[[ Information provided, beginning ]]

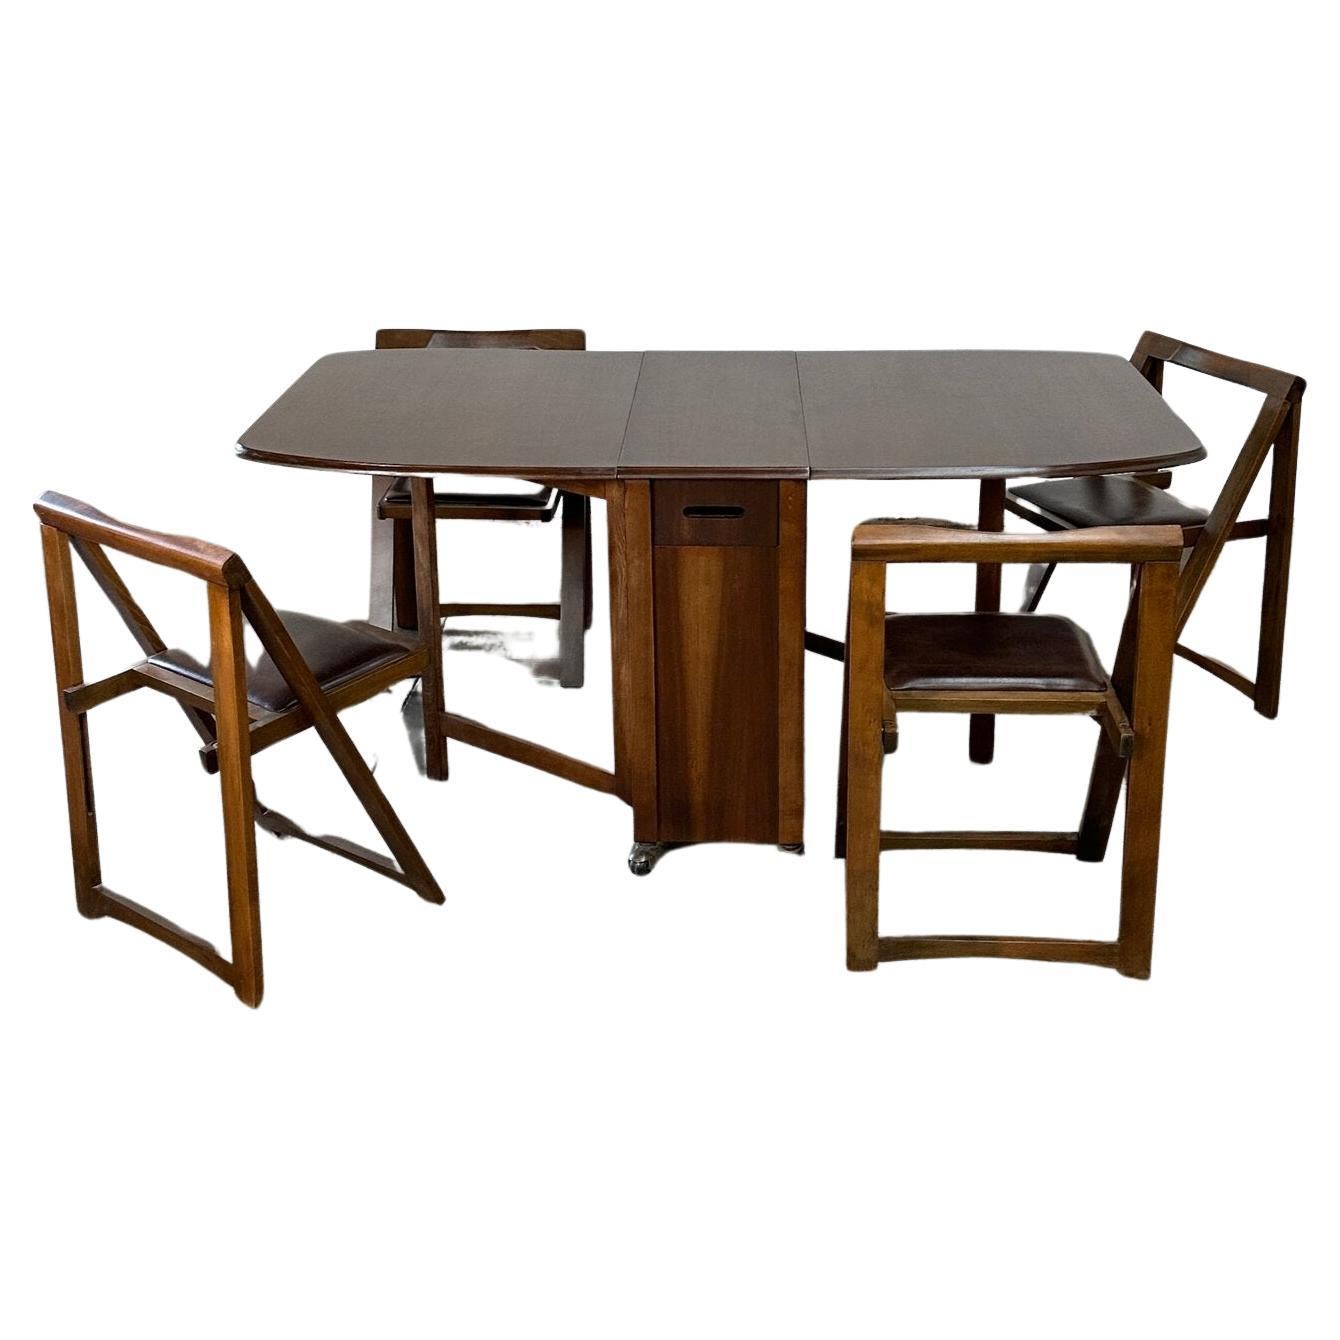 Hide away table and chairs- set
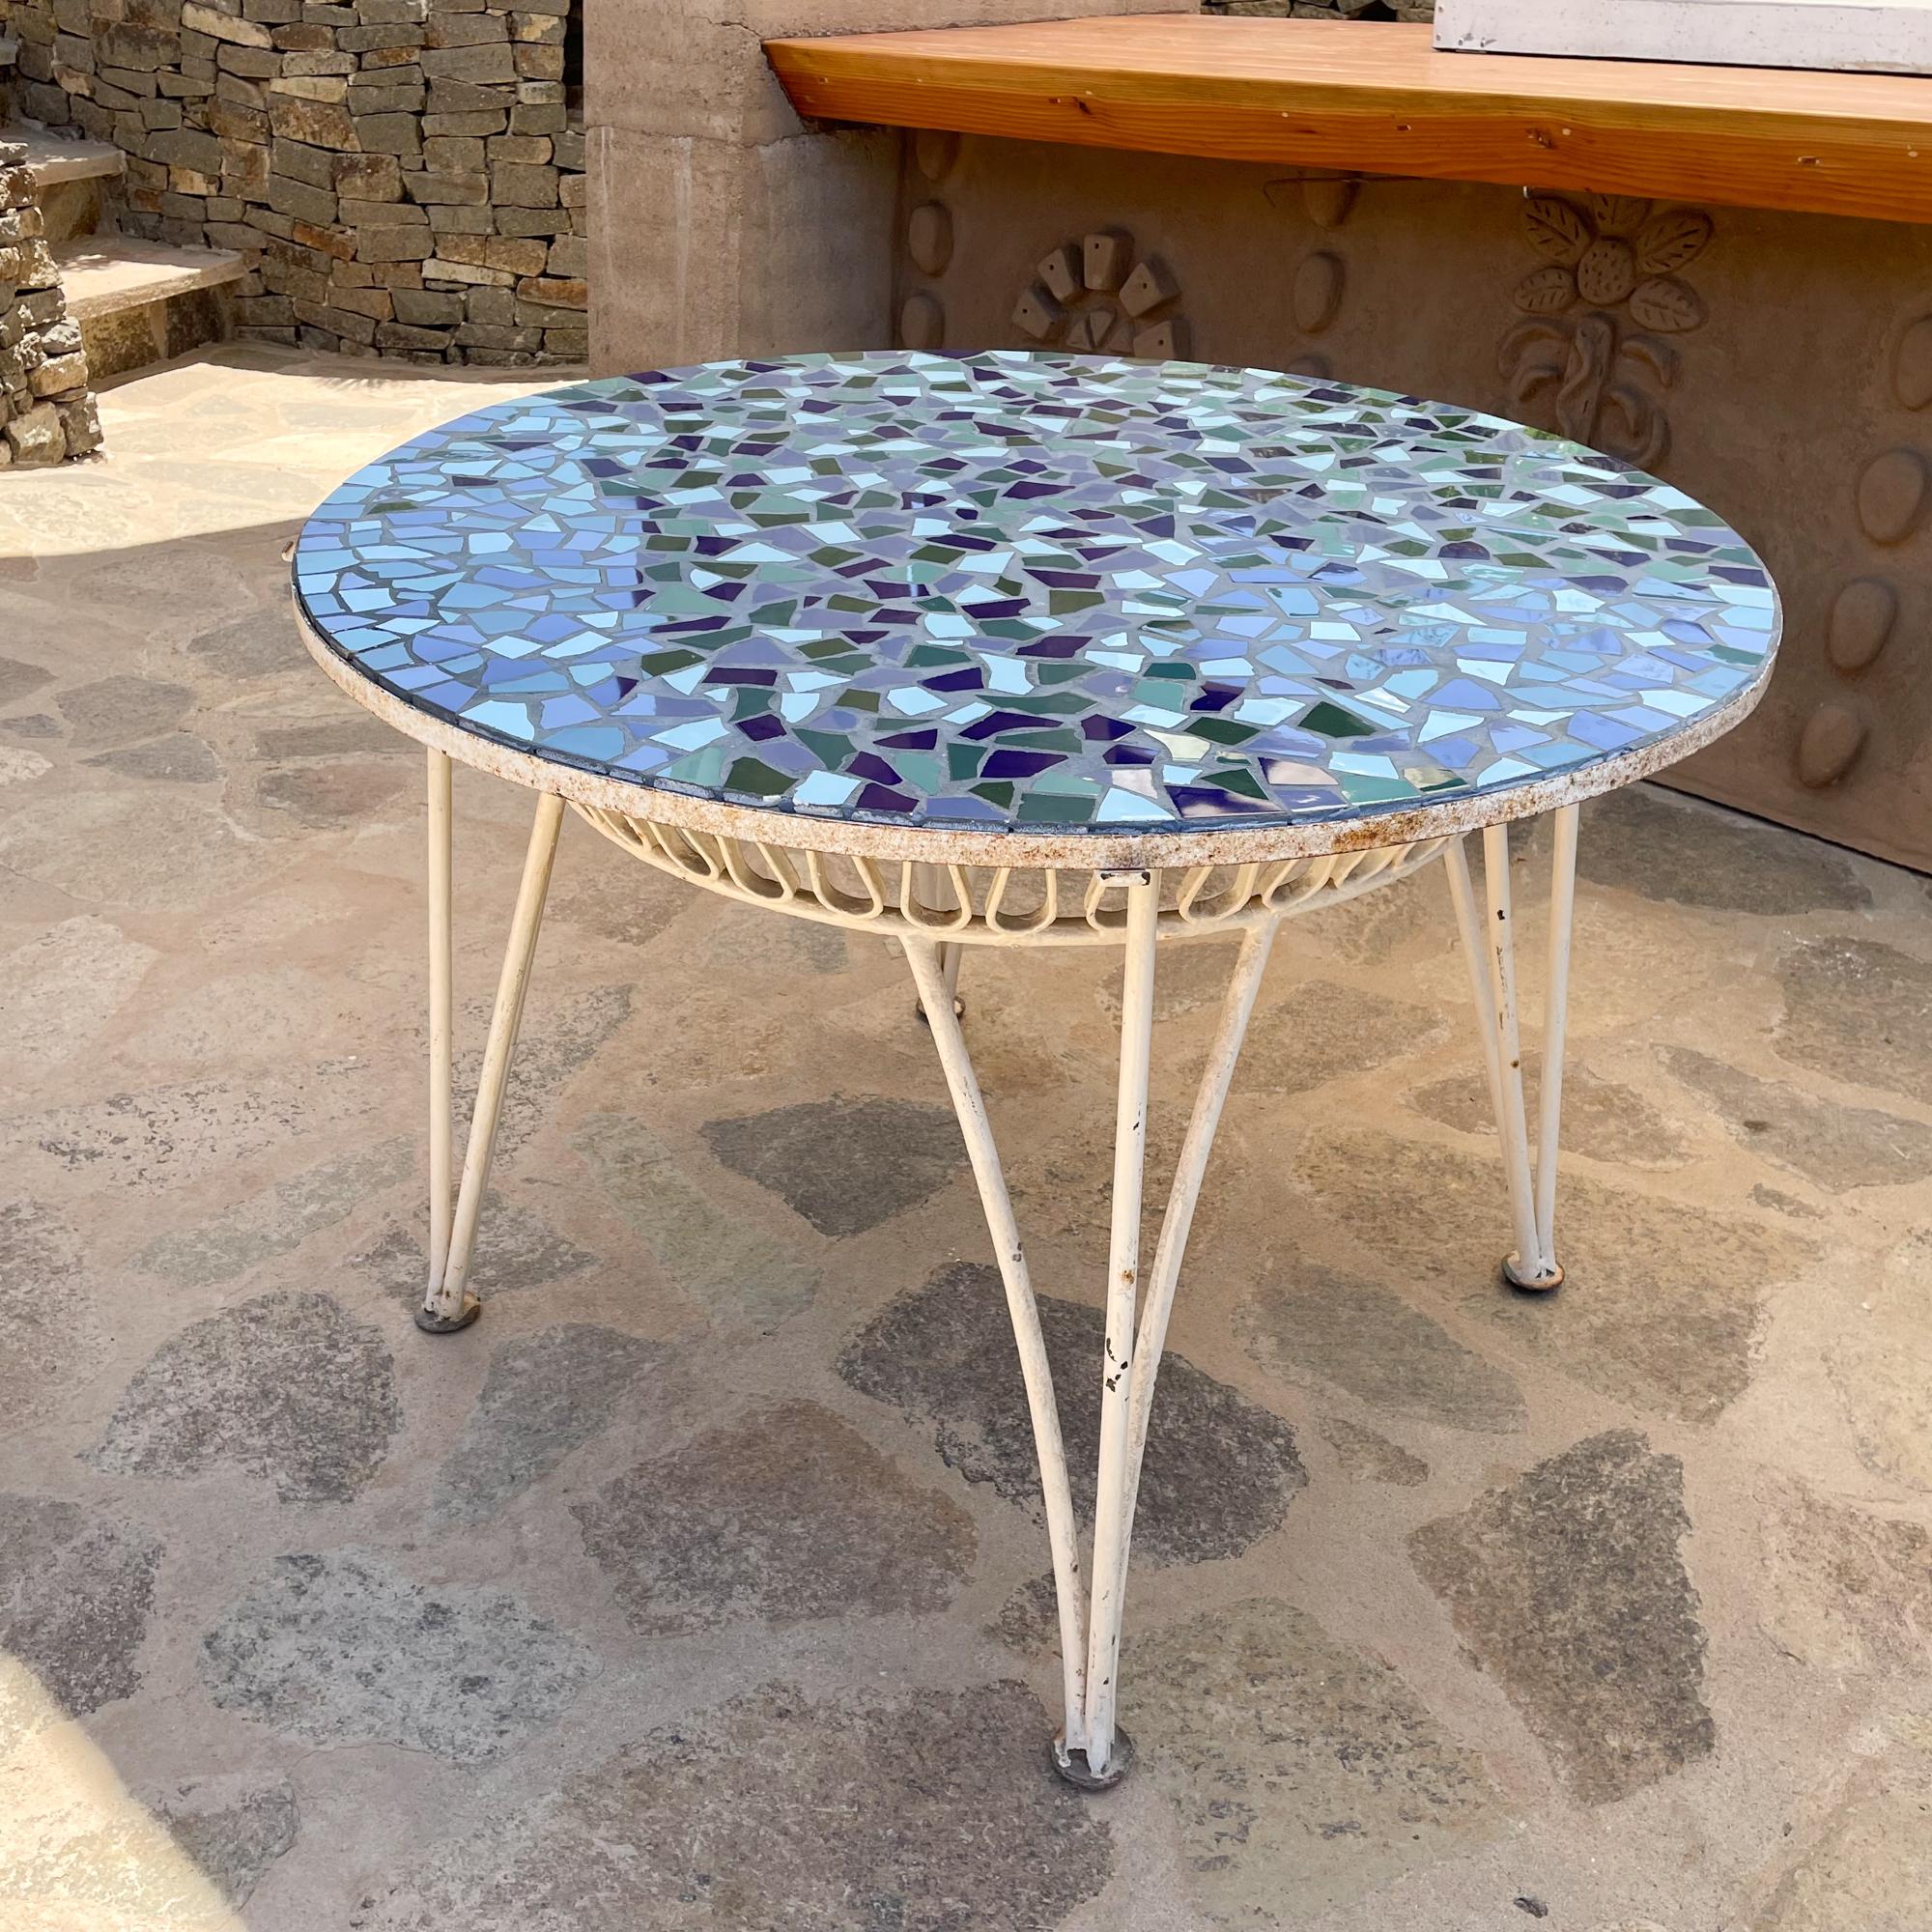 Maurizio Tempestini for Salterini round patio dining table wrought iron ribbon antique white with blue mosaic tile top.
Cute Scallop Curly Q Ribbon Swirl detail on wrought iron base. Beautiful blue sea Mosaic tile top.
Measures: 29.25t x 42

[[ Information provided, end ]]

Assignment — Skipping the images, write out the whole listing exactly.

Solution —
 Hide away table and chairs- set
 Maurizio Tempestini for Salterini round patio dining table wrought iron ribbon antique white with blue mosaic tile top.
Cute Scallop Curly Q Ribbon Swirl detail on wrought iron base. Beautiful blue sea Mosaic tile top.
Measures: 29.25t x 42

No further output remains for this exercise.